A quiet and confusing policy change for green card applicants

On May 22, 2026, USCIS announced that it will grant adjustment of status (AOS), the process allowing someone already in the United States to obtain a green card without leaving the country, "only in extraordinary circumstances."

The announcement accompanies a new policy memorandum, PM-602-0199, issued May 21, 2026, which directs USCIS officers to treat adjustment of status as "a matter of discretion and administrative grace" and "an extraordinary relief that permits applicants to dispense with the ordinary consular visa process."

Key operational points from the memo:

  • Officers must evaluate every AOS application on a case-by-case basis under a totality-of-the-circumstances standard.
  • The absence of negative factors alone is insufficient so applicants must affirmatively demonstrate "unusual or outstanding equities" to warrant approval.
  • Status violations, unauthorized employment, fraud, and failure to depart when expected are designated as adverse factors warranting significant weight.
  • Dual-intent nonimmigrants (e.g., H-1B holders) are not automatically disadvantaged by filing for adjustment, but maintaining lawful status in a dual-intent category is not enough by itself to secure a favorable exercise of discretion.
  • Denial notices must now include a written discretionary analysis identifying positive and negative factors and explaining the balancing.

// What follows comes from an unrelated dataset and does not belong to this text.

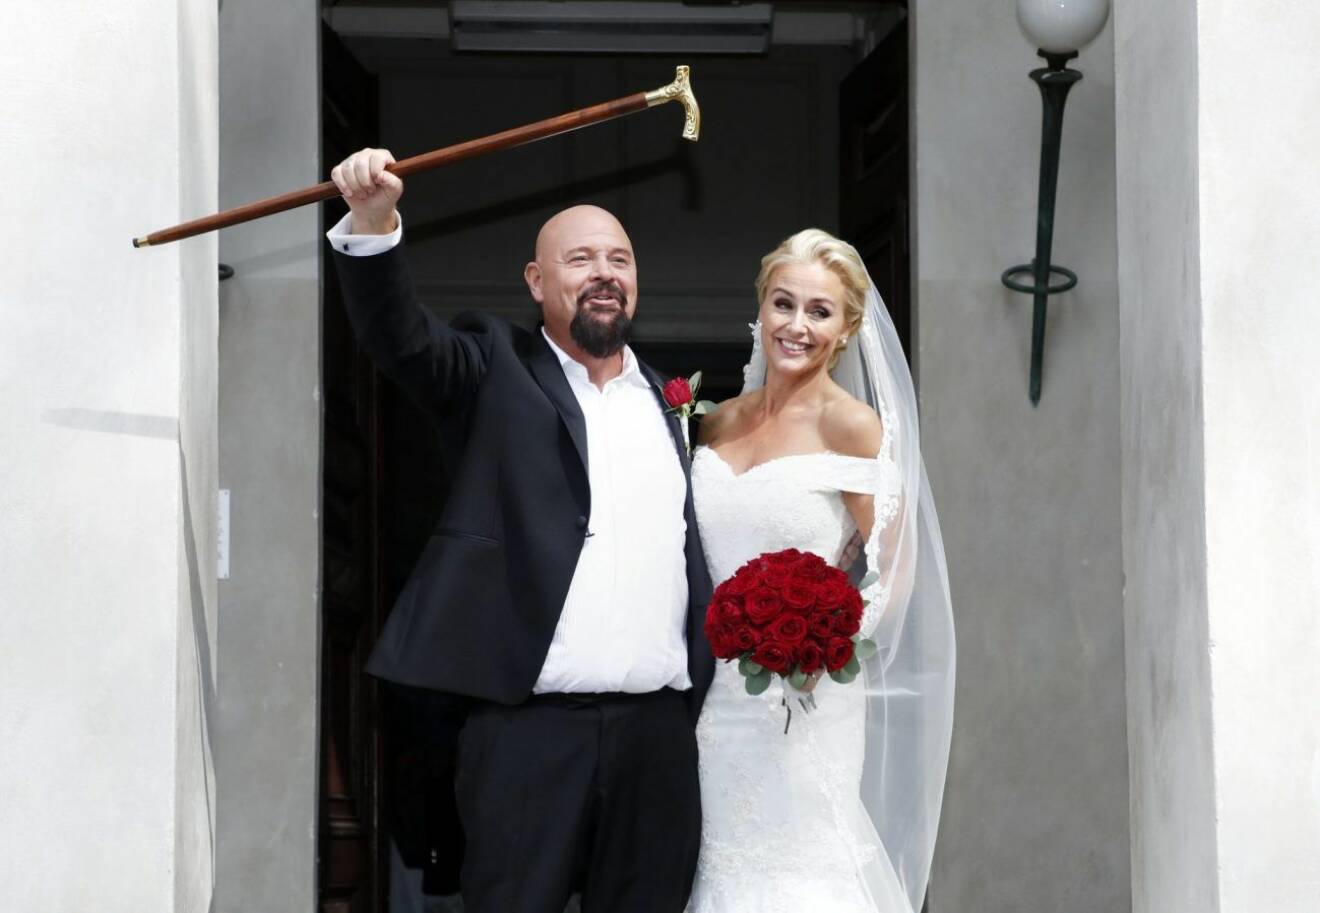 Anders Bagge och Johanna Lind gifte sig i augusti 2018.

USCIS Spokesman Zach Kahler framed the change bluntly: "From now on, an alien who is in the U.S. temporarily and wants a Green Card must return to their home country to apply, except in extraordinary circumstances."


Policy Perspectives

The headline and the memo tell two different stories, and that gap matters.

The press release uses the phrase "only in extraordinary circumstances," implying that AOS approvals will be functionally eliminated for most applicants. But that phrase does not appear in the body of the memo itself. Immigration attorneys have noted that the memo does not actually require all green card applicants to file through consular processing abroad, and AOS remains a congressionally authorized legal pathway to permanent residence.

What the memo does do is reframe adjustment of status from a routine benefit into something closer to an exception that must be earned. It leans heavily on Board of Immigration Appeals precedent, particularly Matter of Blas (1974), which described AOS as "extraordinary" relative to the consular process, and elevates that characterization into a stated policy posture. The practical effect is to hand officers explicit permission to deny AOS applications on discretionary grounds, even where all statutory eligibility criteria are met.

This creates a messaging-versus-legal-authority tension that advocates, employers, and applicants need to understand:

  • Legally, the memo does not amend the INA or override Section 245. Congress created AOS and it remains available.
  • Operationally, officers now have formal top-down direction to treat AOS skeptically and to document a heightened discretionary analysis before approving.
  • Rhetorically, the press release functions as a deterrent aimed at discouraging applicants from filing, even if the legal standard hasn't technically changed.

The populations most exposed include parolees (especially from humanitarian parole programs), applicants with any history of overstay or unauthorized employment, and employment-based applicants with gaps in status during long priority-date backlogs.

Immediate relatives of U.S. citizens with clean records remain in the strongest position but will still face heightened scrutiny.